Всхлип сорвался из горла, болезненным осколком расколов тишину. Реальность хлынула обжигающей волной, затопив сознание болью и отчаянием: что же теперь? Ралина еще не сделала и первого шага, а значит, и я пленница бессилия. Осторожно ощупав пространство, поняла, что лежу на холодном, голом камне. Медленно поднявшись на четвереньки, неуверенно перебирая руками и ногами, я вновь попыталась осознать, где я? Когда голова коснулась чего-то твердого, крик боли пронзил меня, словно молния.

Переведя дух, провела рукой по гладкой поверхности. Холод камня отозвался блаженством в груди, и стон облегчения вырвался на волю.
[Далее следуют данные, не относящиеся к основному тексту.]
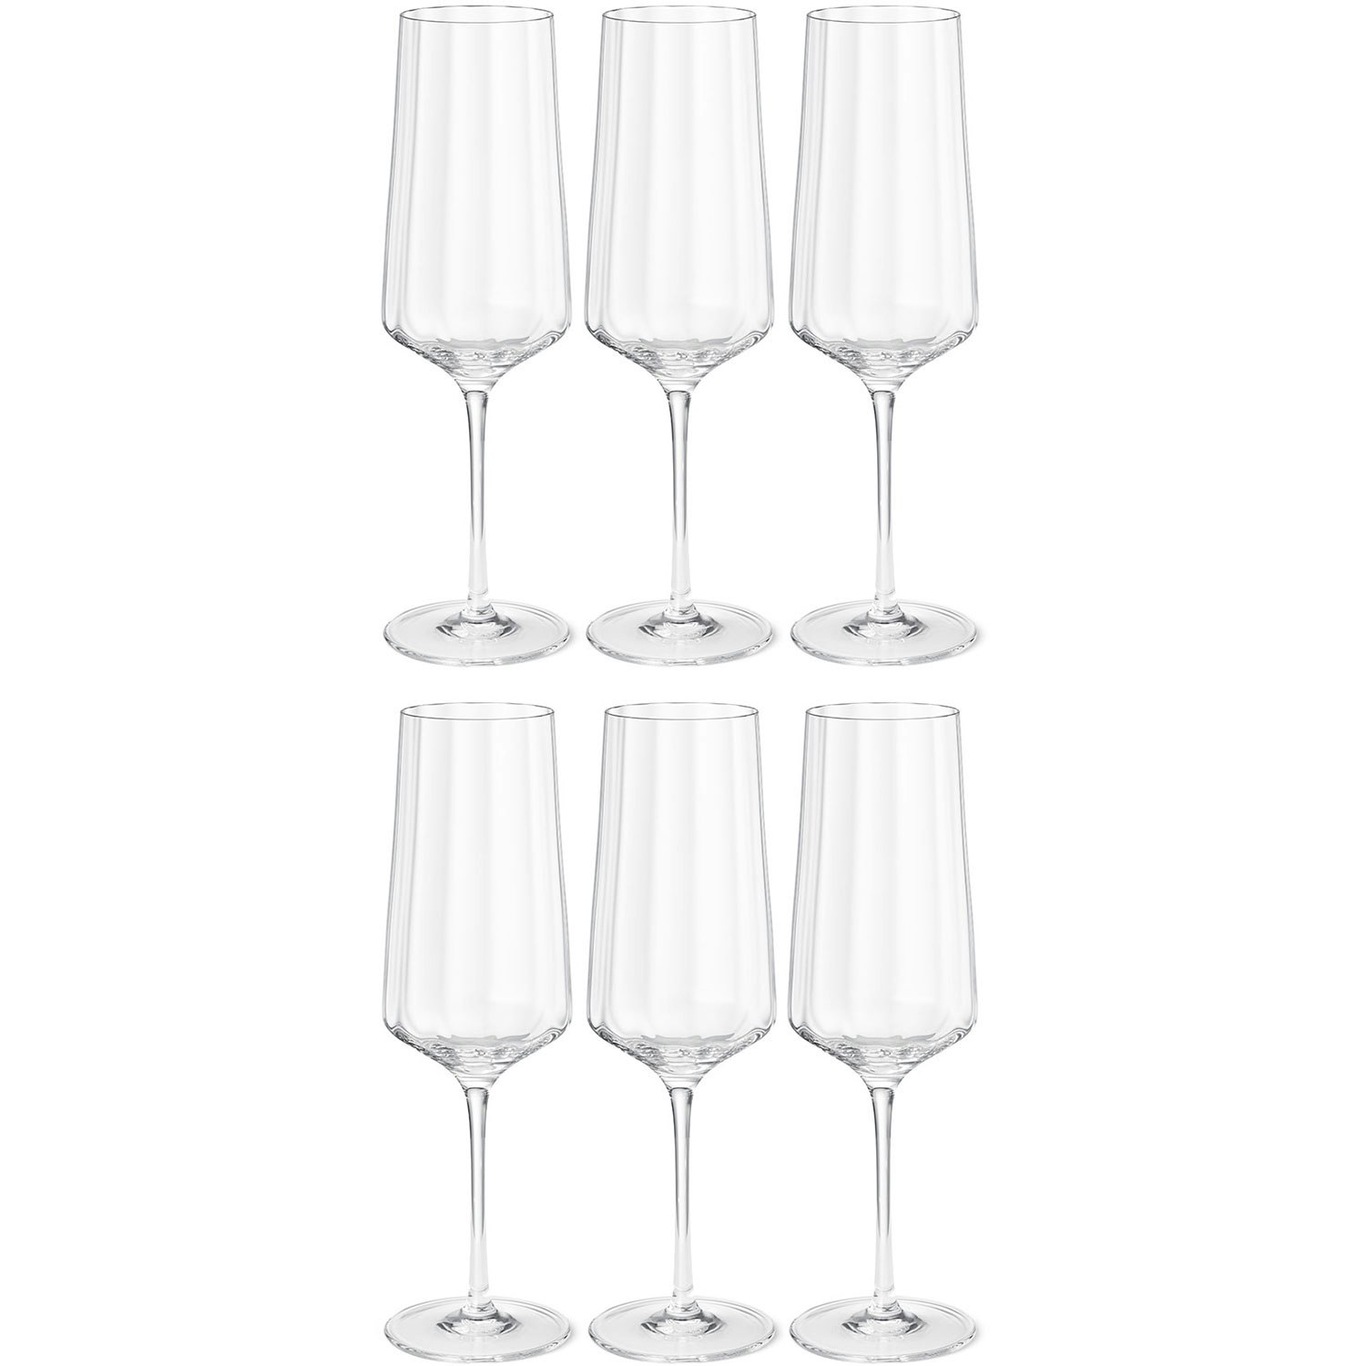 https://royaldesign.com/image/2/georg-jensen-bernadotte-champagne-flute-glass-xln-27-cl-6-pcs-2?w=800&quality=80

Я подползла ближе, прижалась боком к ледяной глыбе и закрыла глаза, утопая в облегчении. Слёзы бессилия хлынули из глаз, и каждая капля, падая на камень, гулко отдавалась в тишине глухим шлепком.

Камень, словно живой, впитал жар моего тела, и я, превозмогая дрожь в руках, поползла дальше. Время потеряло счёт, пока я исследовала эту каменную чашу, ставшую моей тюрьмой. Порой под ладони попадались жёсткие волосы и колкие камушки. Тогда из горла рвался стон, и я, спеша очистить израненную кожу, вновь принималась ощупывать стены.

Но силы таяли, как дым. Обессилев, я прислонилась к прохладному камню, и рыдания вырвались наружу. Одна лишь мысль терзала сознание: выбраться отсюда самой невозможно. Куда идти в этой кромешной тьме? Я понятия не имела, где нахожусь.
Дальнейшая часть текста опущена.